In fact i may even use that for the horizontal joins now instead of my north star, It seemed to be faster and easier to wip around with, and made a nice join, Really smooth mud with little poks etc, Not sure why?? Mabye it allowed more pressure over the blade.

It should make boxing off scaffold an easier job as well and with the 5.5box on the no coat its great, much easier than swinging a longer handle.

Anyway, Thanks sunil and the dwm team, Its a long overdue tool thats a welcome addition to my kit :thumbsup:

http://www.all-wall.com/New-Items/SuperFinish-Flat-Box-Handle


----------



## 2buckcanuck (Jul 9, 2010)

How do you do the butts with no brake ?????????
It's the thinness of the handle to me, to each his own, but I prefer the thinner handle. You seem to have more control, it's just easier to run. I try to only pull out the extension handle (My new Columbia,thx col.) when I half to. Other than that I use your standard 36" handle (30cm I think). Plus their a lot cheaper to replace.


----------



## Checkers (Jun 25, 2010)

I don't think it flexes 2Buck.
The handle looks fixed.


----------



## ns005 (Dec 23, 2010)

the only handle I own is a northstar adjustable. I dont like the pinch style brake. What ever happened to Northstar? I pretty much have a full set of Northstar tools. I know they went out of business but is someone else taking over their patents or anything of the likes? They made some very nice tools and their angle heads are hard to beat. It would be a shame to see no more Northstar tools in my opinion.


----------



## cazna (Mar 28, 2010)

2buckcanuck said:


> How do you do the butts with no brake ?????????
> It's the thinness of the handle to me, to each his own, but I prefer the thinner handle. You seem to have more control, it's just easier to run. I try to only pull out the extension handle (My new Columbia,thx col.) when I half to. Other than that I use your standard 36" handle (30cm I think).

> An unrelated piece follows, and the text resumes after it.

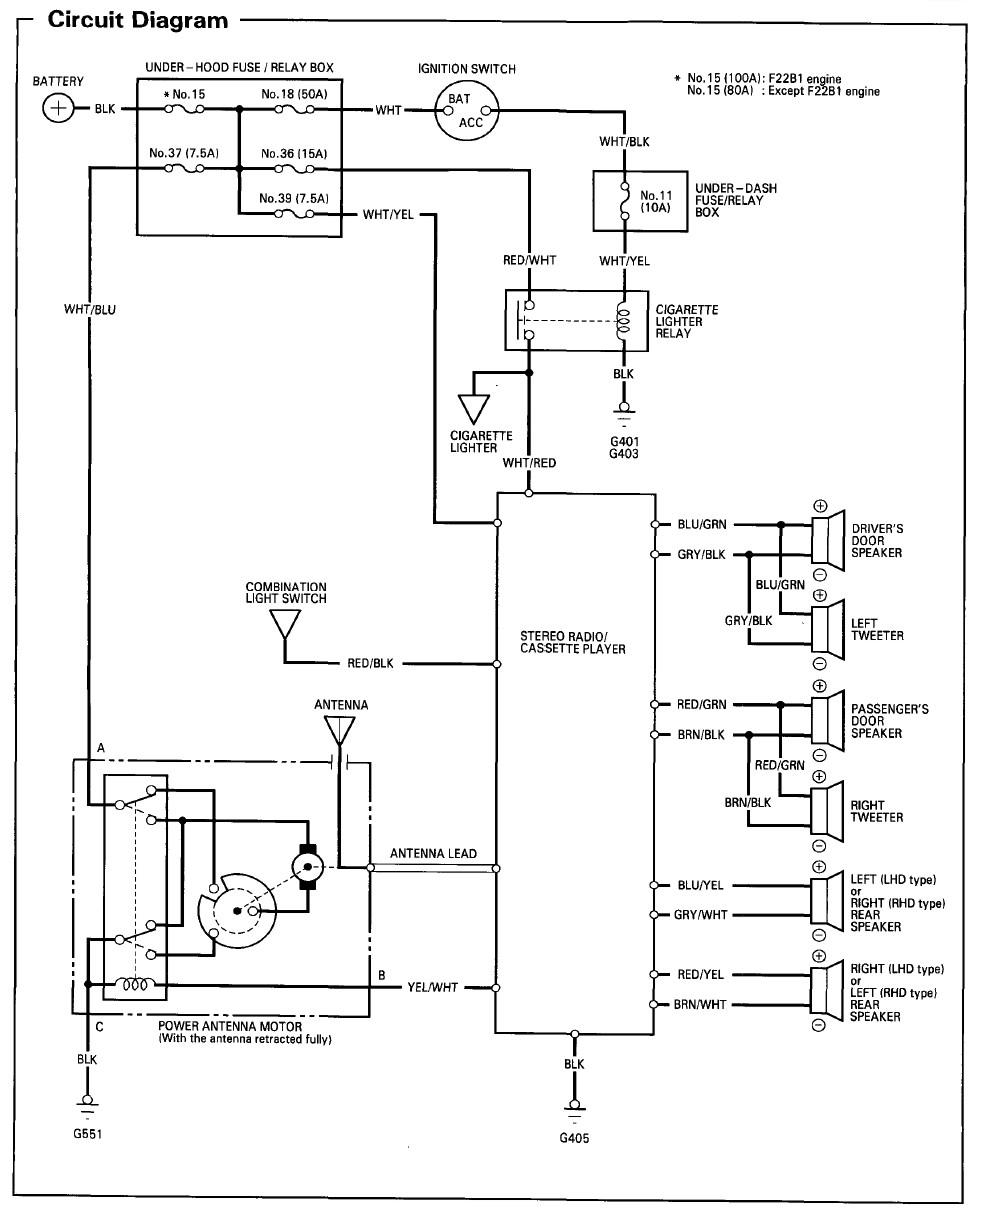 1997 Honda Accord Stereo Wiring Wiring Diagram Data 99 Accord Wire Diagram 02 Honda Accord Wiring

Plus their a lot cheaper to replace.


 
It is a fixed handle, It just works, tilt it and lift it off same as if it was a braked handle. I did all the sideways joins 2nd coat today, Worked sweet. And i like the thicker handles, Thinner feels less control to me. I had some goldblatts and some bent standard handles but didnt like them at all so got the thicker northstar ajustar, love it, sold the others so that was my only handle, happy to add this one though.
When i used this handle i tended to have one hand in the box/plate[handle area and the other on the end, but get this, You can use it one handed, Yes thats what i said, One handed if you need to :thumbsup:


----------



## Saul_Surfaces (Jan 8, 2010)

cazna said:


> It is a fixed handle, It just works, tilt it and lift it off same as if it was a braked handle. I did all the sideways joins 2nd coat today, Worked sweet. And i like the thicker handles, Thinner feels less control to me. I had some goldblatts and some bent standard handles but didnt like them at all so got the thicker northstar ajustar, love it, sold the others so that was my only handle, happy to add this one though.
> When i used this handle i tended to have one hand in the box/plate[handle area and the other on the end, but get this, You can use it one handed, Yes thats what i said, One handed if you need to :thumbsup:


I really like my short DM handle for hallways, closets, feature walls with lots of windows, etc. It couldn't likely be my only handle, but it's my first choice anywhere I don't need the reach of my Adjustar. The little handle is way more accurate than a standard handle for short little runs between windows and such


----------



## raven (Feb 17, 2011)

would be awsome if you could sample a tool to see if it was worth the money.It does look cool .


----------



## JustMe (Apr 17, 2009)

Fast forward to 10:50 on this video to see Columbia's new short box handle:


----------



## Mudshark (Feb 8, 2009)

Good to see Columbia making the short handle. Made in Canada eh.


----------



## guijarrero (Oct 17, 2011)

MR Cazna,
Have good luck next sunday in Auckland whith French..! (we, Arg Pumas, made an effort with you but showed poor auto-convincement, we could have given big headache... have good players... see in 4N?:thumbup:

Here in Argentina we buit you know know briks and concrete.. Minimum drywall but growing up soon. No banjos, boxes, zookas here, just have to import from states at 3x or 4x price.
I'd like to built a homemade Super Finish Handle (really messy to import, just buy box 10" DM)
can you assure me this handle works good not having brake??
Do you recommend me it?
I really appreciate you opinion!!


----------



## 2buckcanuck (Jul 9, 2010)

guijarrero said:


> MR Cazna,
> Have good luck next sunday in Auckland whith French..! (we, Arg Pumas, made an effort with you but showed poor auto-convincement, we could have given big headache... have good players... see in 4N?:thumbup:
> 
> Here in Argentina we buit you know know briks and concrete.. Minimum drywall but growing up soon. No banjos, boxes, zookas here, just have to import from states at 3x or 4x price.
> ...


Oh Master Cazna









You have walked the rice paper, and not torn it, a new grass Hopper needs your help








:jester:


----------



## cazna (Mar 28, 2010)

guijarrero said:


> MR Cazna,
> Have good luck next sunday in Auckland whith French..! (we, Arg Pumas, made an effort with you but showed poor auto-convincement, we could have given big headache... have good players... see in 4N?:thumbup:
> 
> Here in Argentina we buit you know know briks and concrete.. Minimum drywall but growing up soon. No banjos, boxes, zookas here, just have to import from states at 3x or 4x price.
> ...


Hi Mr Guijarrerro

Thanks for the support in giving the french a wipping this sunday

And yes i do recommend this handle, It works well, But you need to understand if you wish to run ceilings and higher seams then you need to set up planks etc and walk them, Thats very time comsuming when if you had a longer braked handle you can do these from the floor.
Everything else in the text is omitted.